┌─ Data segment

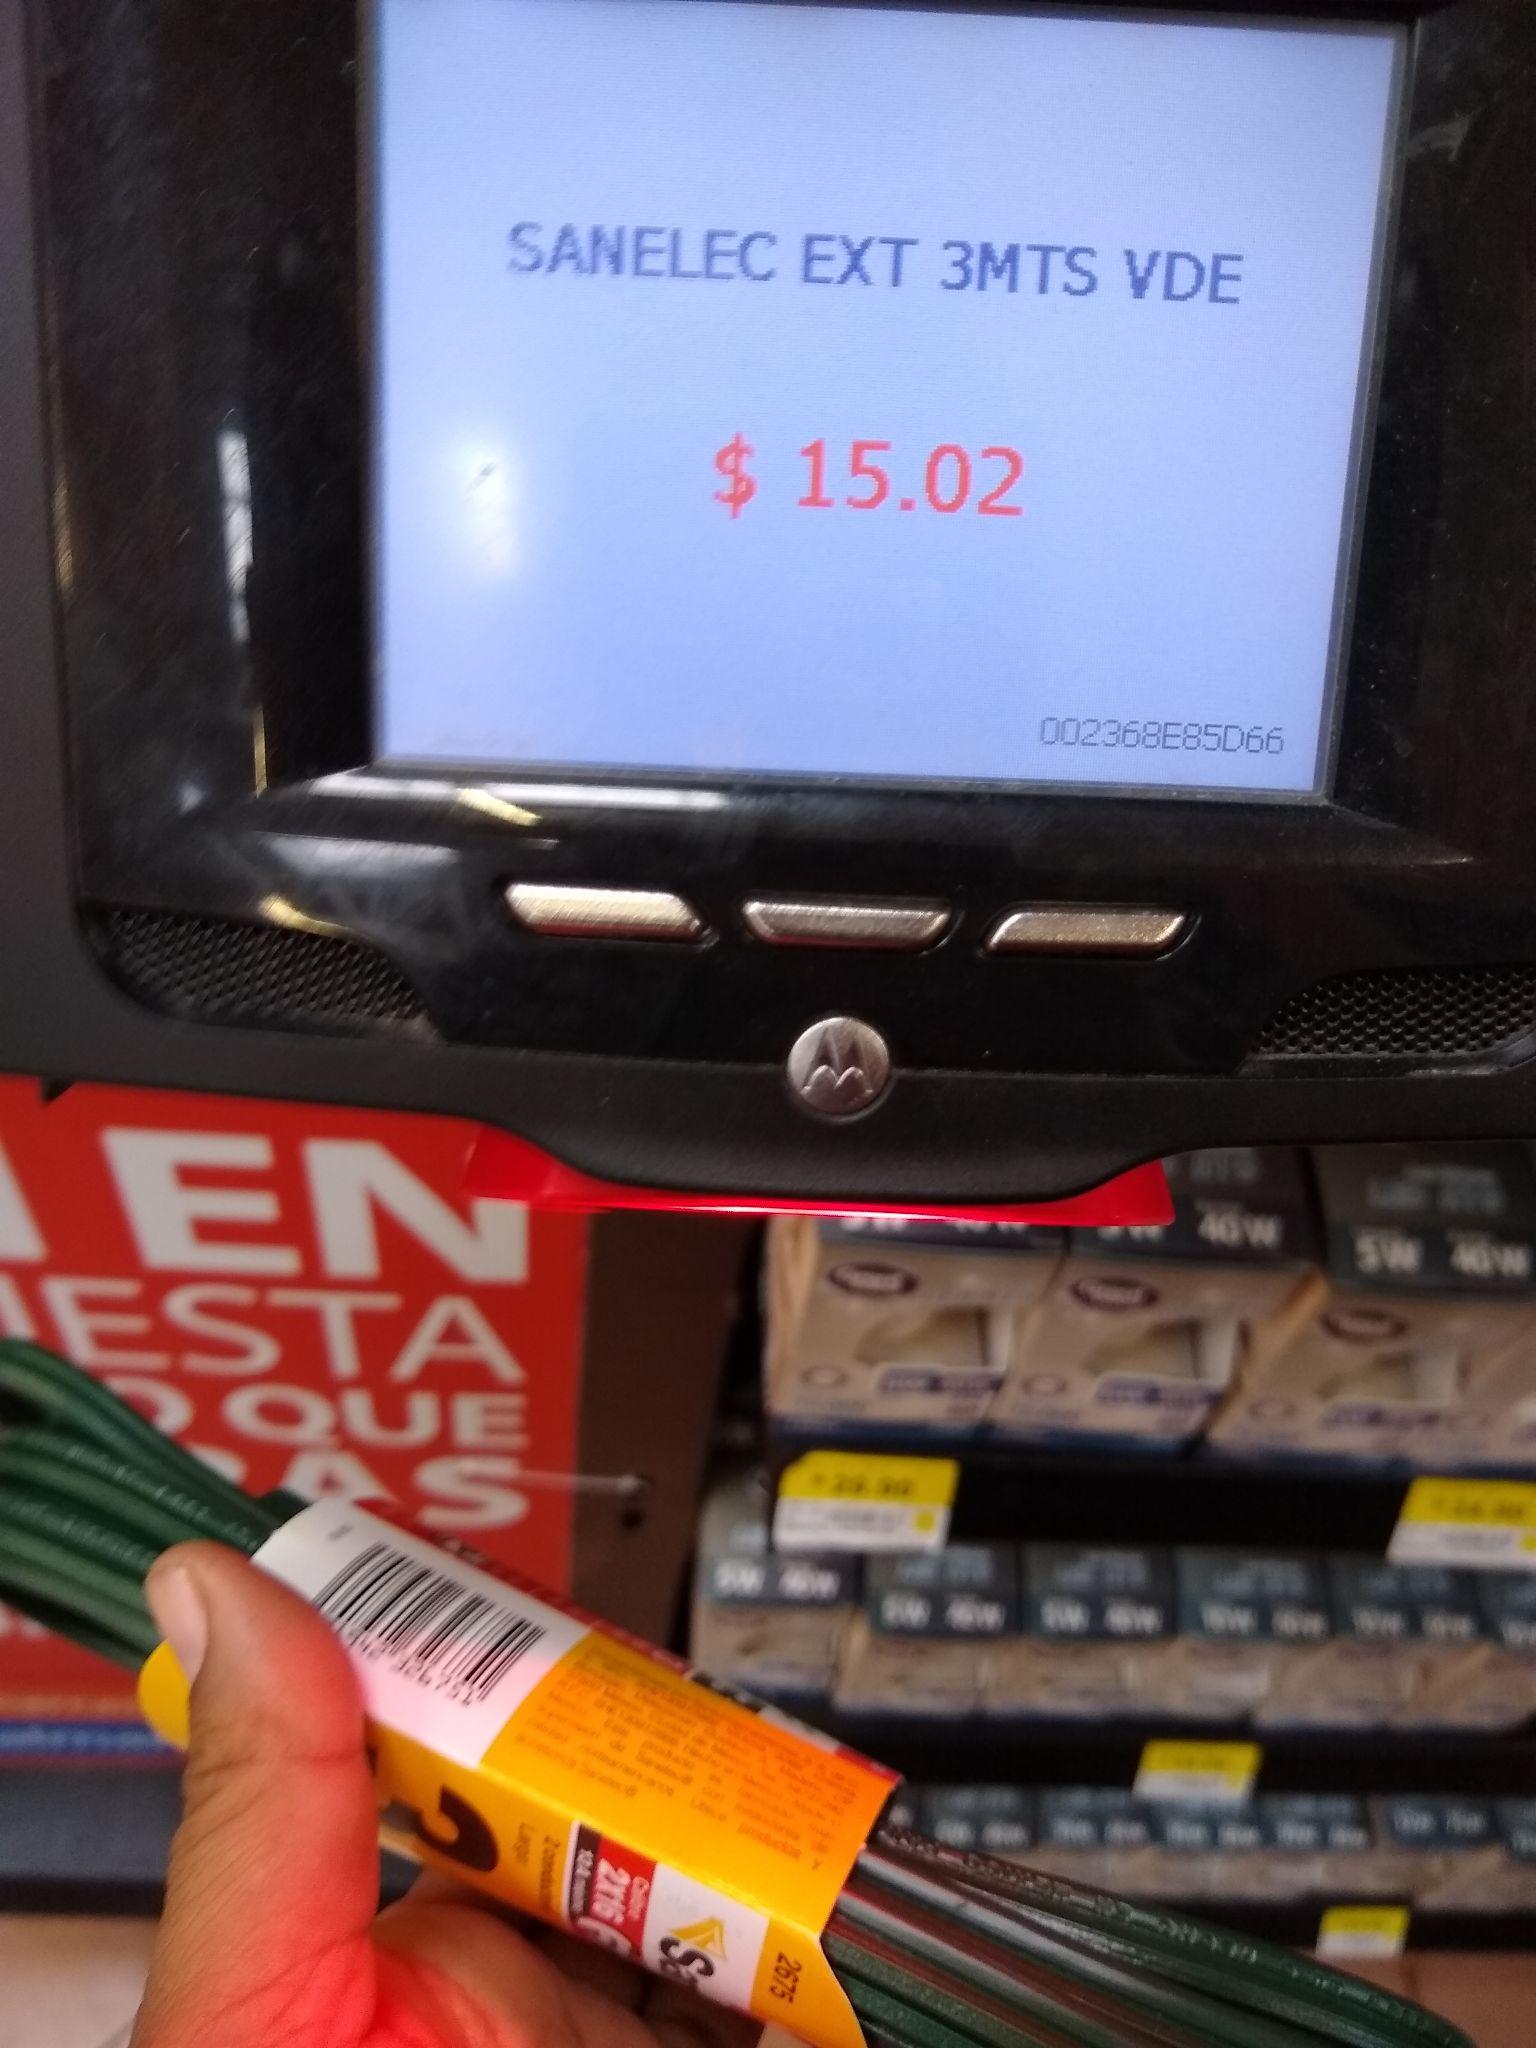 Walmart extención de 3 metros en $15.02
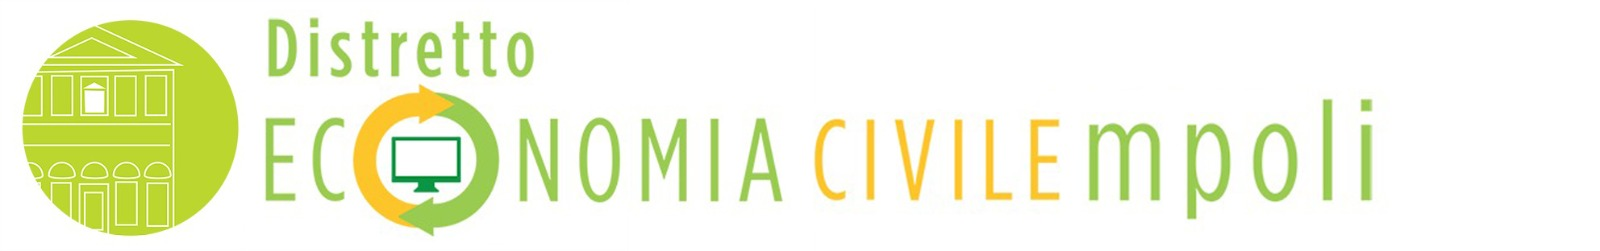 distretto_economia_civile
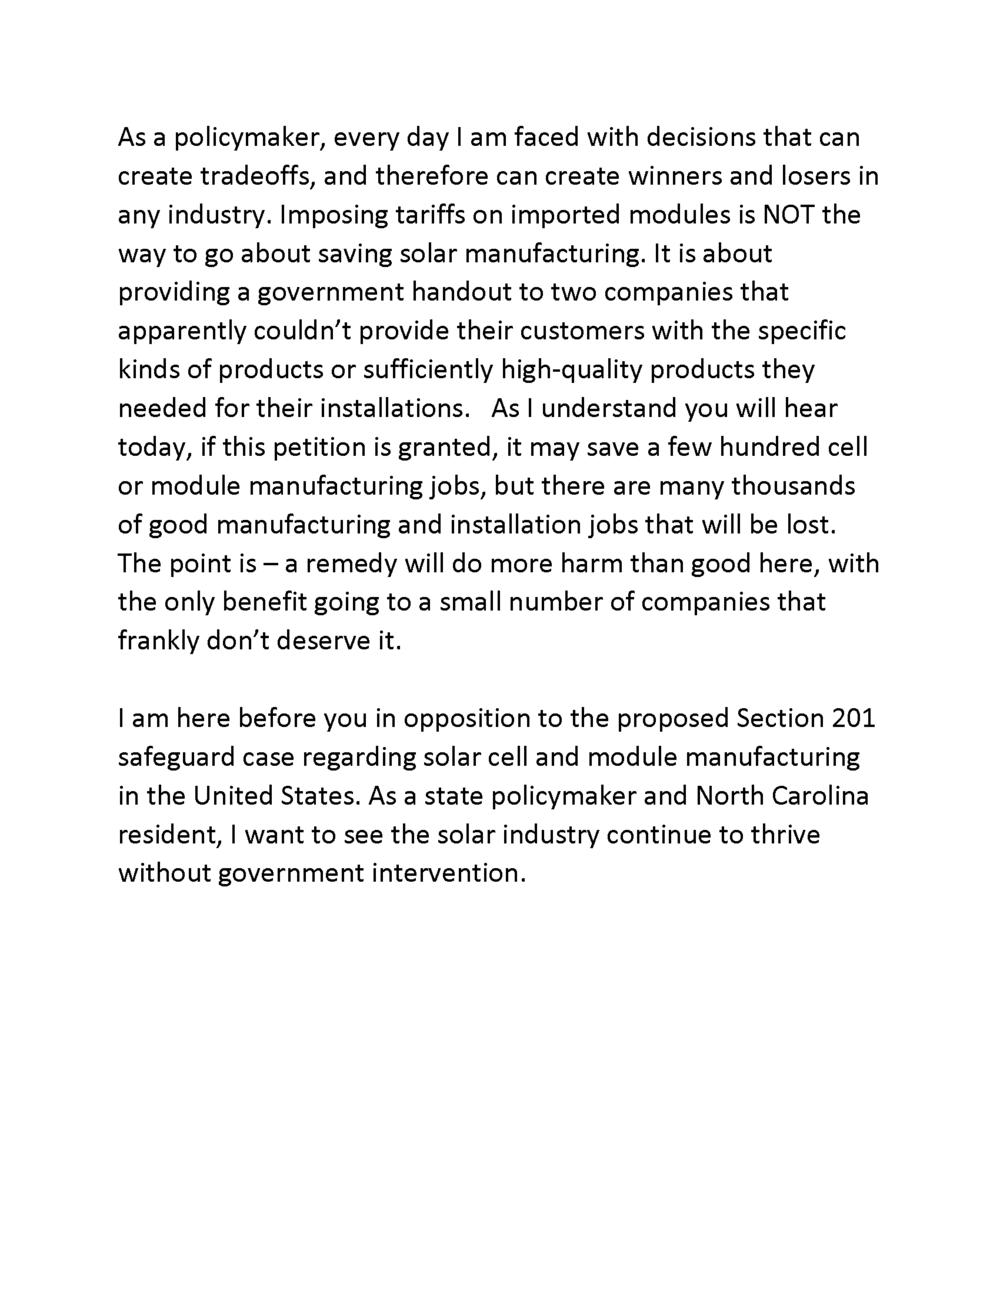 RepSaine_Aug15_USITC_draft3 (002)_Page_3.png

└─

Transcribe the listing above verbatim. No picture belongs in the result.

**Reply**
 Walmart extención de 3 metros en $15.02
 distretto_economia_civile
 RepSaine_Aug15_USITC_draft3 (002)_Page_3.png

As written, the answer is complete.